Richard Myers on Human Genome Project: Early Controversies
  Richard Myers     Biography    
Recorded: 29 May 2003

So when Luca Cavalli-Sforza and others started this project in the early ‘90s it was very controversial. I think they, people weren’t ready for it yet. I think he may not have explained well enough to some of the people who he worked with. I think what ended up happening is that he recruited Hank Greeley, who is a law professor and also a professor in genetics at Stanford in my department, to really work on the Informed Consent and the privacy issues with them. And so all the individuals were consented, things were taken care of and I think were much, much better. I do think that, I think it is good that people are paying attention to this.
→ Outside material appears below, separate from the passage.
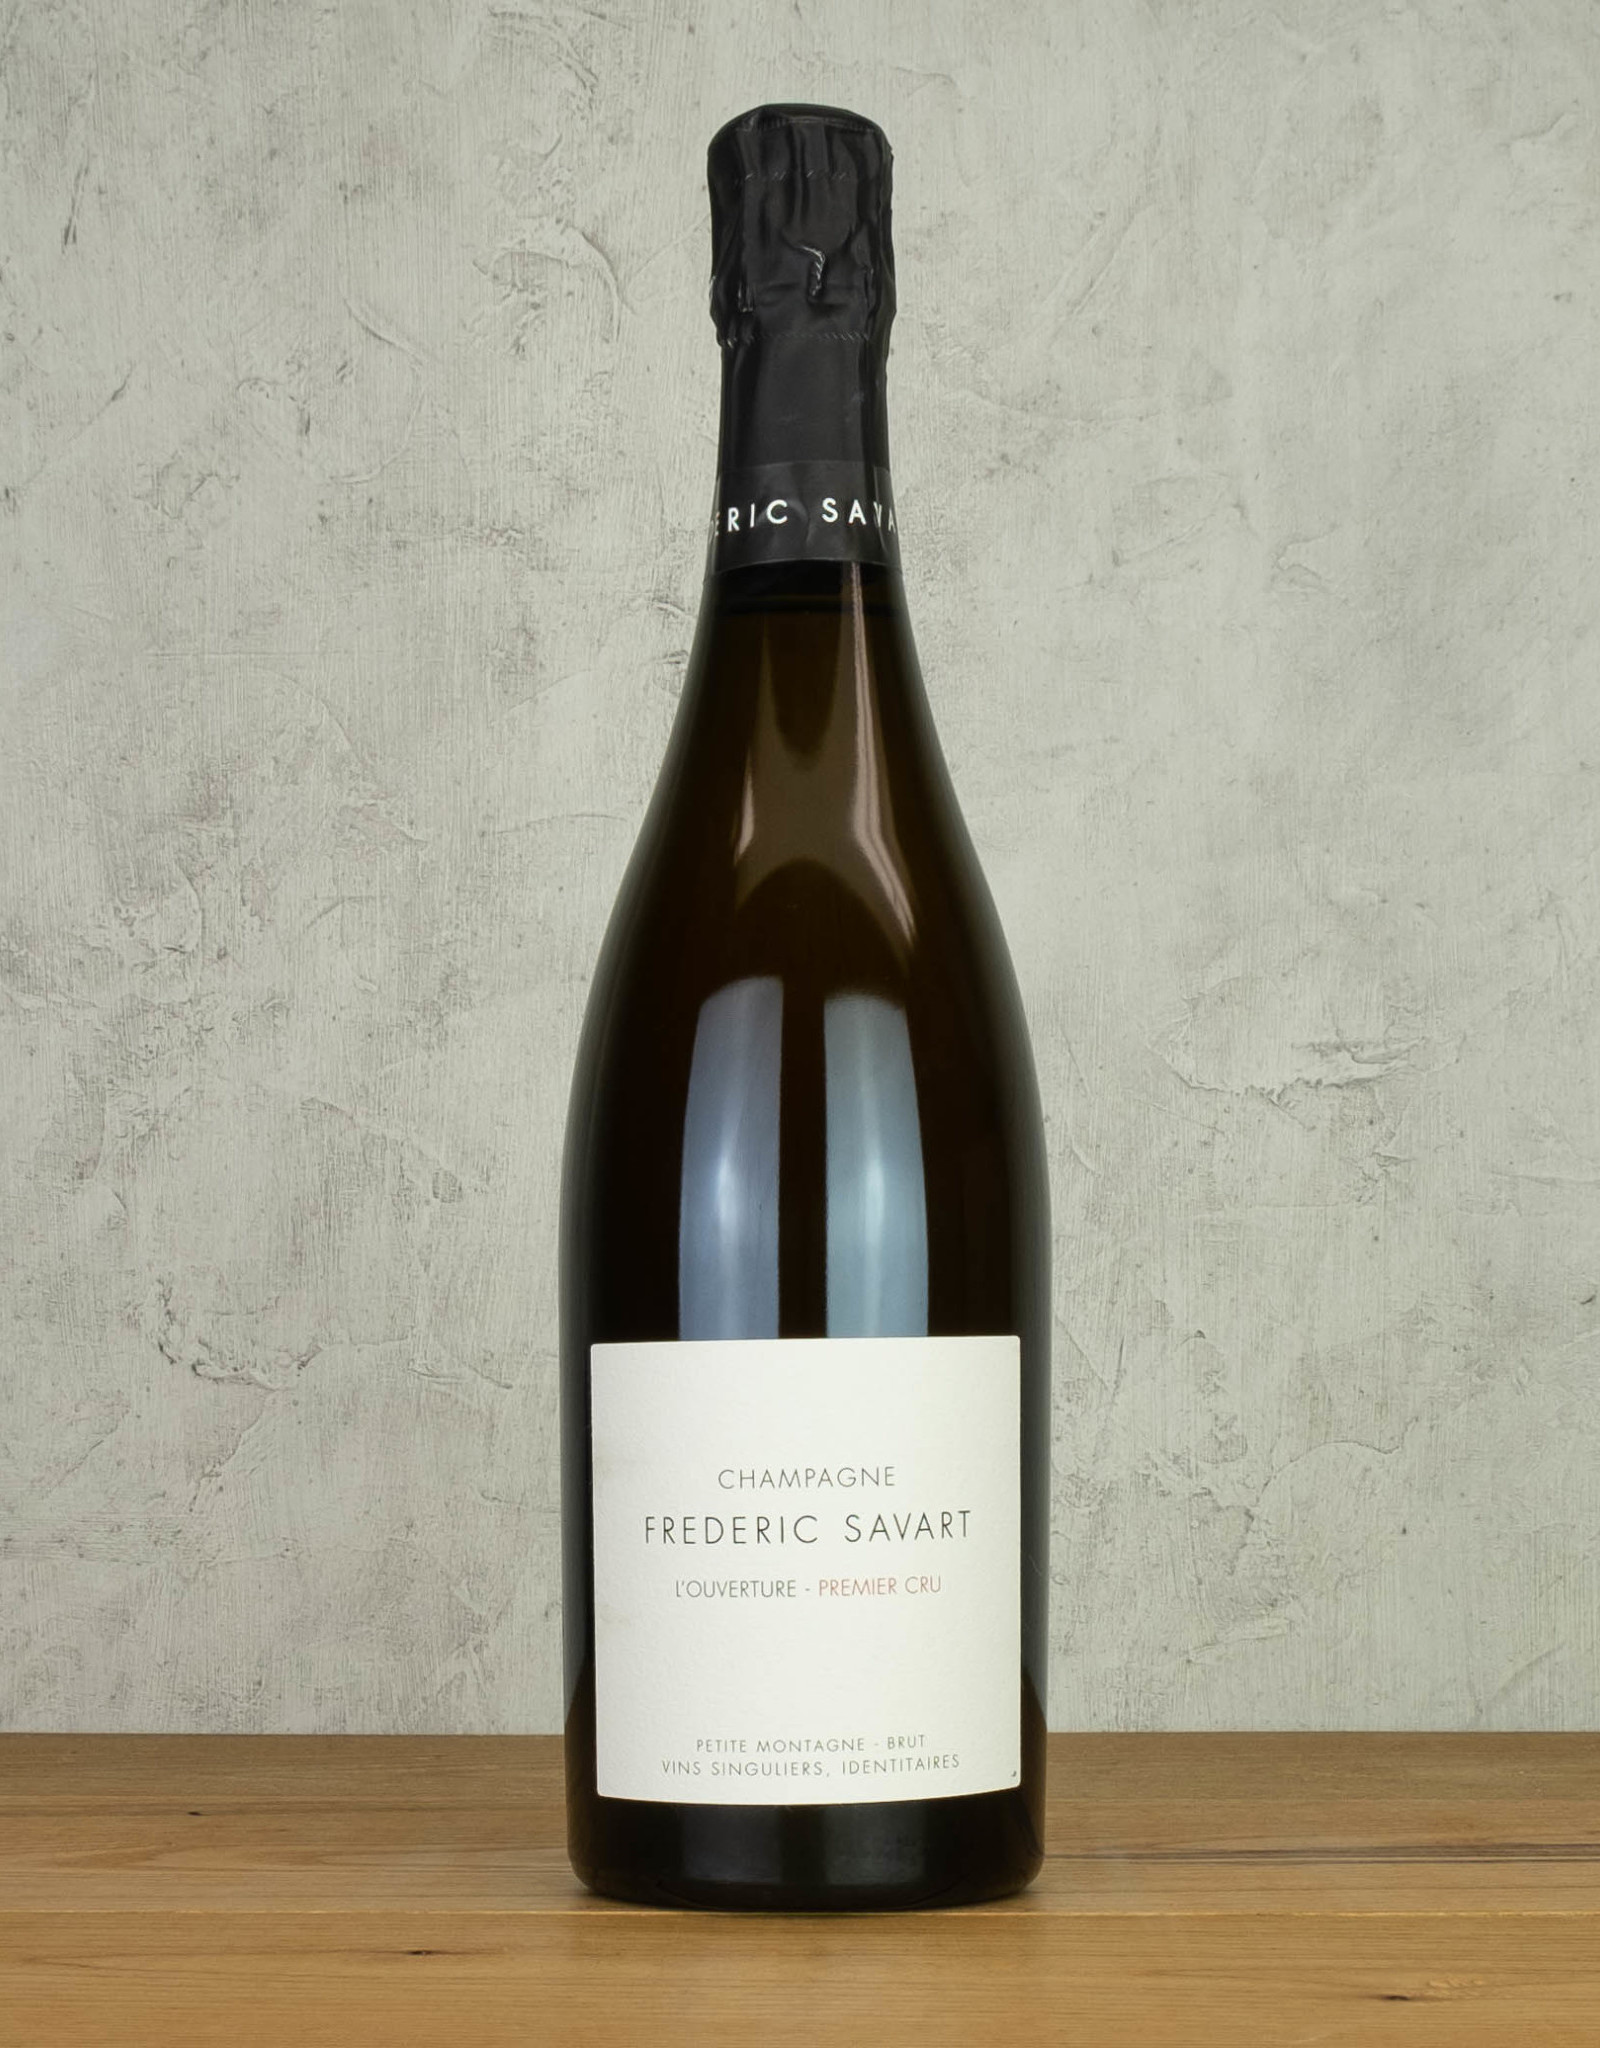 Champagne Frederic Savart L'Ouverture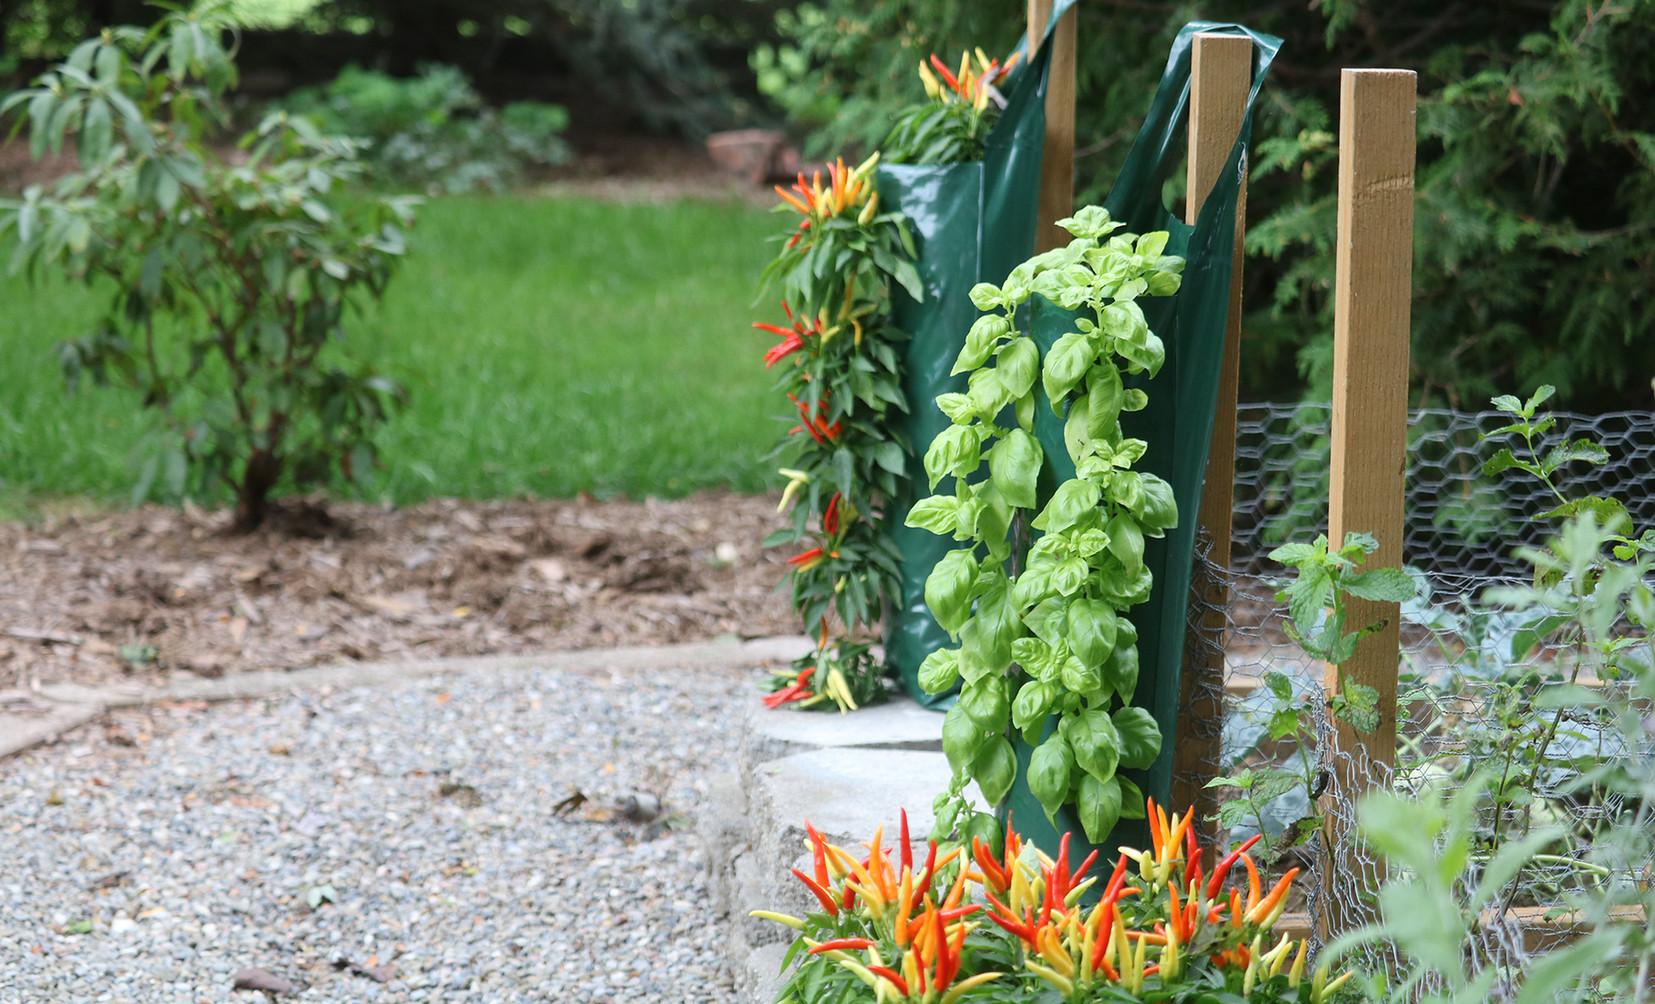 Basil & Decorative Chilies

And really the best way to do this is to engage the community. To make them be part of the project, rather than just coming in and taking samples from them. And it really has been the new approaches that are being taken. The HapMap Project did a really good job of that as well. So I think it’s important that these are taken care of. I don’t think anything nefarious was done, but I think that by going back and consenting it really helped to make it okay.

Richard Myers, biochemist and geneticist, is currently Director of the HudsonAlpha Institute for Biotechnology in Huntsville, Alabama.

Following his undergraduate degree in biochemistry from the University of Alabama (B.S., 1977), Dr. Myers earned his Ph.D. in Biochemistry from the University of California at Berkeley (1982) with Robert Tjian. His postdoctoral work was performed at Harvard University with Tom Maniatis. In 1986 he joined the faculty of the University of California at San Francisco, and remained there until 1993 when he moved to Stanford University School of Medicine. He had been Professor and Chair of the Department of Genetics and Director of the Stanford Human Genome Center until July 2008 when he was named to his current position.

Dr. Myers is a member of numerous committees concerned with human genetic diseases and the Human Genome Project including the Genome Resources and Sequencing Prioritization Panel (GRASPP) and is Chair of the Genome Research Review Committee of the National Human Genome Research Institute of the National Institutes of Health. He is also a member of the Biology and Biotechnology Program Advisory Committee of the U.S. Department of Energy. Dr. Myers has received numerous awards including the Pritzker Foundation Award (2002), the Darden Lecture Award from the University of Alabama (2002), the Wills Foundation Award (1986-2001) and was a Searle Scholar (1987-1990).

Myers was involved in every human genome meeting at Cold Spring Harbor Laboratory and has attended CSHL symposia since 1986.